Em uma grande operação de evacuação anterior, o governo repatriou 828 pessoas de Wuhan, na China, em cinco voos fretados entre janeiro e fevereiro de 2020, em meio à pandemia do novo coronavírus.

"Esta será, mais uma vez, uma das maiores evacuações de cidadãos japoneses que já realizamos", disse um alto funcionário do Ministério das Relações Exteriores. "O número total de pessoas evacuadas poderá chegar a mil."

O governo também evacuou cidadãos japoneses de ônibus durante a Guerra dos Doze Dias entre Israel e Irã, em junho.

Desta vez, trata-se do fretamento de aviões, pois os países do Golfo que abrigam bases militares americanas foram alvo de ataques iranianos, resultando no fechamento de aeroportos e em cancelamentos generalizados de voos.

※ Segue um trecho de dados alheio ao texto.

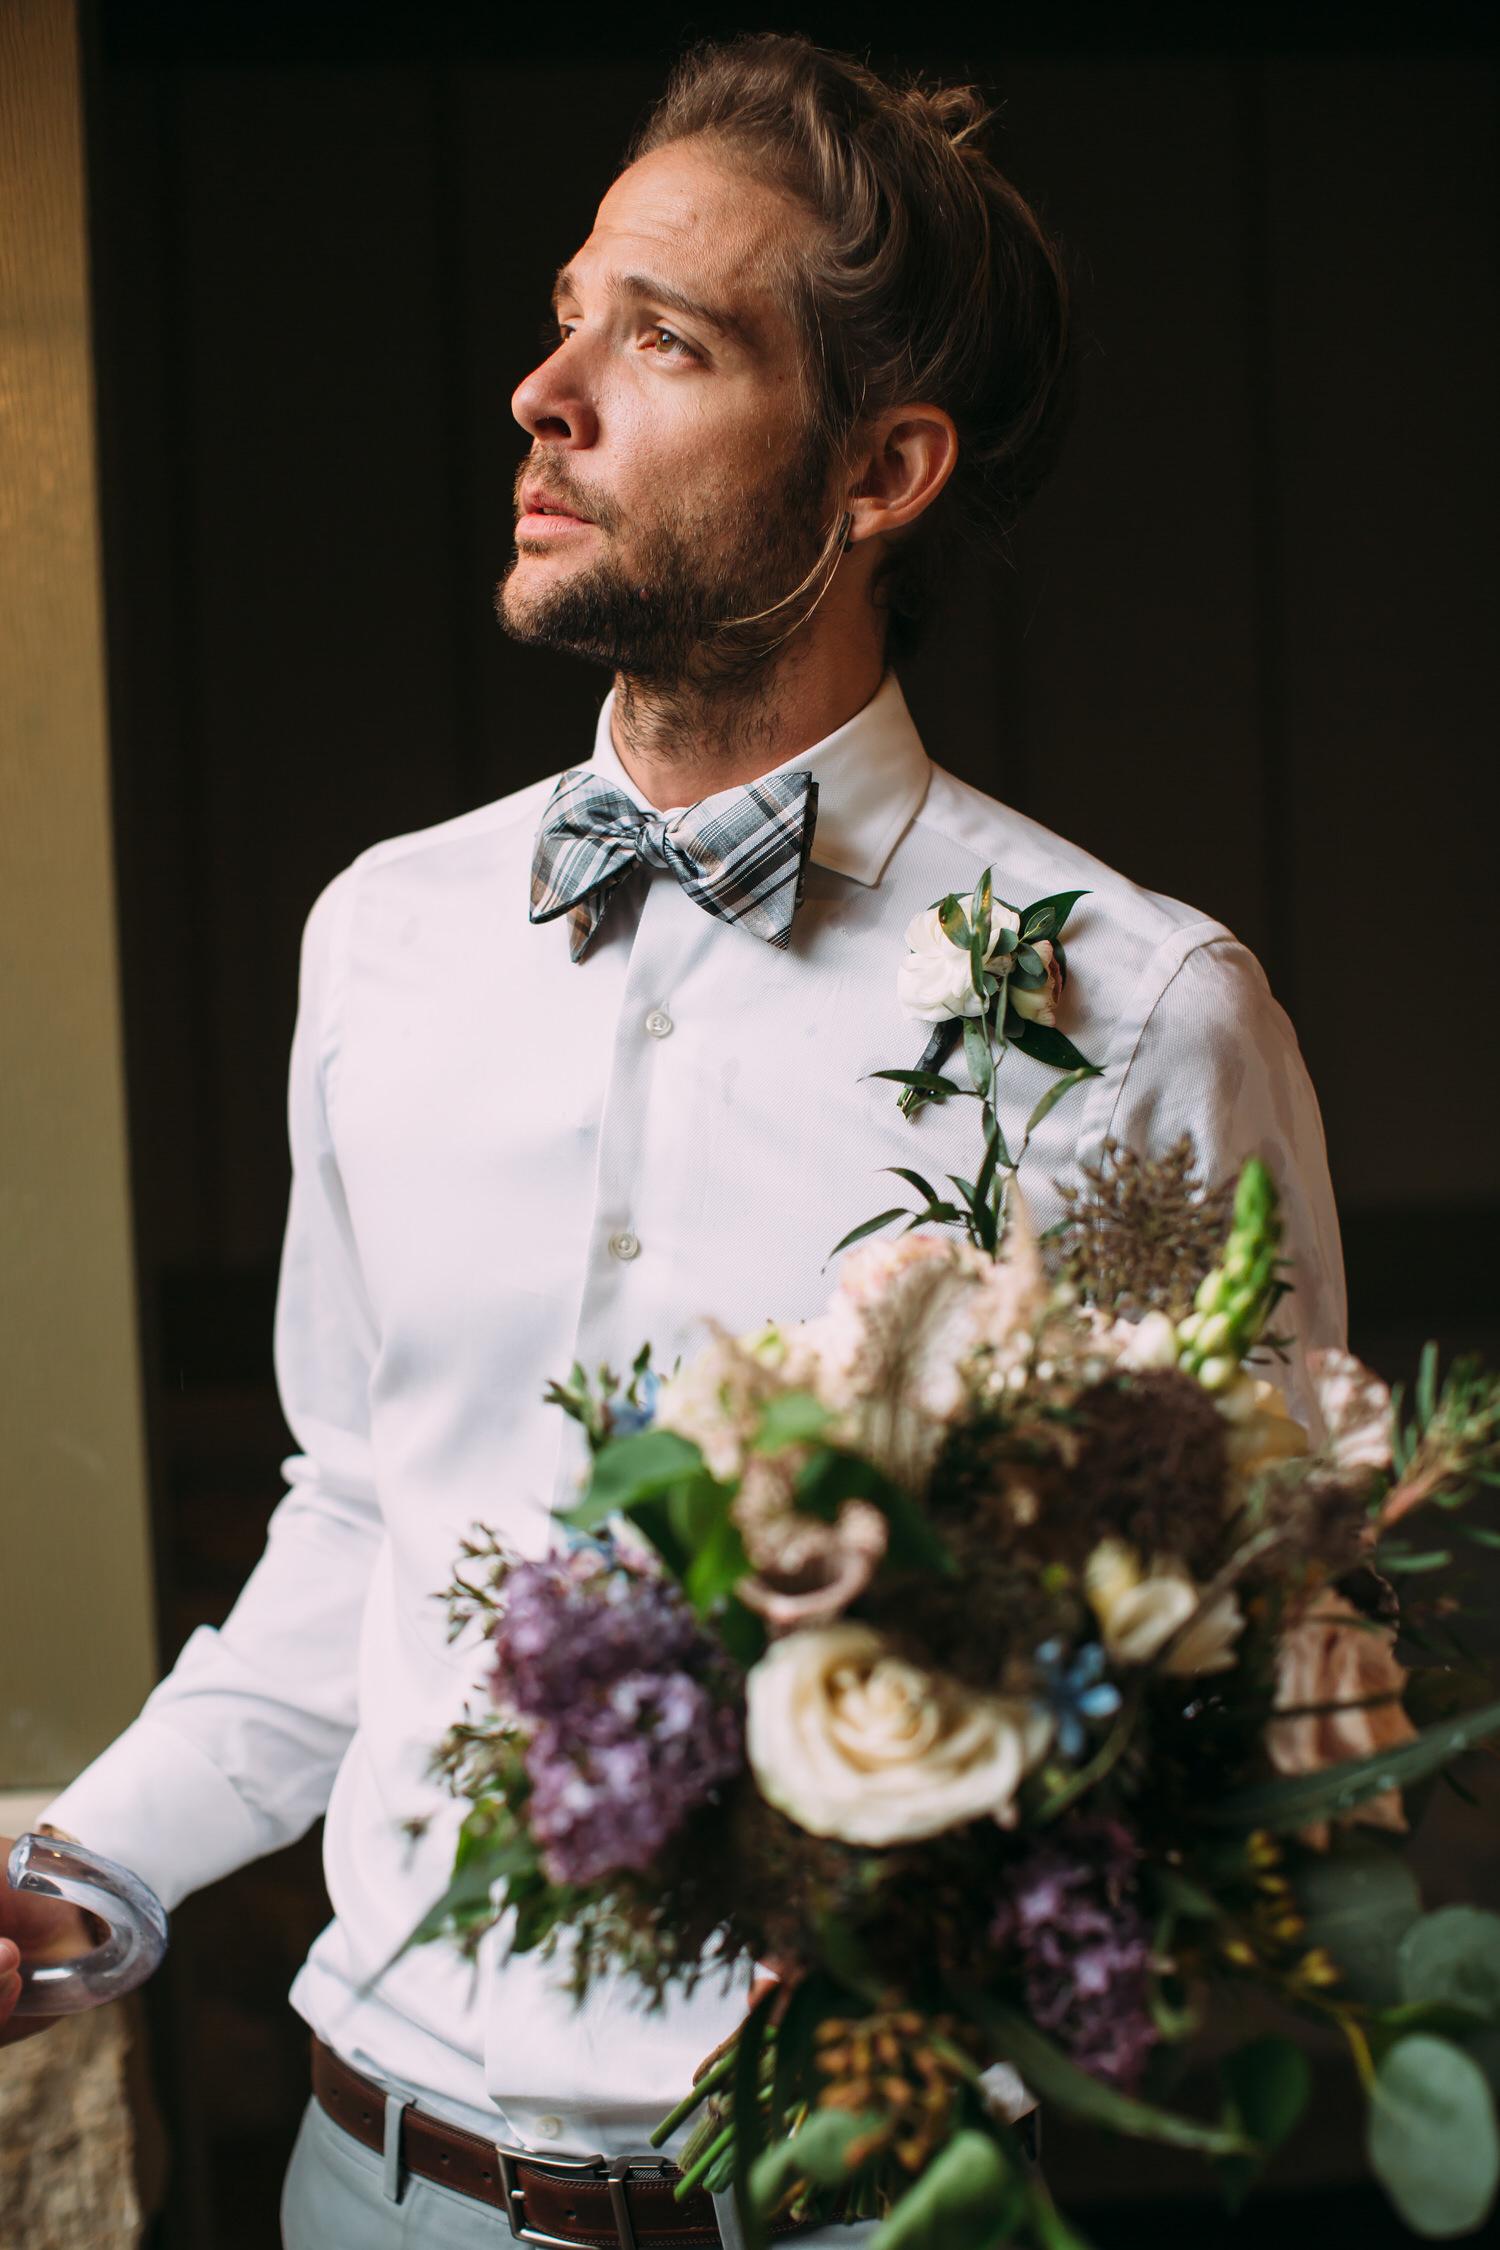 groom with man bun and wedding bouquet, France wedding photographer

As operações aéreas comerciais permanecem limitadas nos Emirados Árabes Unidos, onde o principal aeroporto da capital, Abu Dhabi, foi atacado.

Como resultado, muitos viajantes se viram retidos em todo o Oriente Médio, com a crise coincidindo com a alta temporada de viagens de formatura.

Em princípio, os passageiros pagam pelos voos fretados. Mas o governo os forneceu gratuitamente desta vez devido à "situação repentina e em grande parte inevitável", segundo um alto funcionário do Ministério das Relações Exteriores.

Os esforços de evacuação anteriores também forneceram lições a serem aprendidas.

Em agosto de 2021, quando o grupo islâmico Taliban assumiu o poder no Afeganistão, a capital Cabul entrou em colapso mais rápido do que o esperado.

Das aproximadamente 500 pessoas elegíveis para evacuação, apenas um cidadão japonês e 14 afegãos conseguiram embarcar em um avião das Forças de Autodefesa devido a uma decisão tardia de enviar as Forças de Autodefesa.

Desde 8 de março, o governo mantém um avião de transporte das forças de segurança em prontidão nas Maldivas, no Oceano Índico, para garantir que as forças de segurança "possam responder rapidamente, se necessário", disse Kihara.

"Em determinado momento, a abordagem evoluiu para a ideia de que é aceitável mesmo que os preparativos acabem sendo inúteis", explicou uma fonte do governo.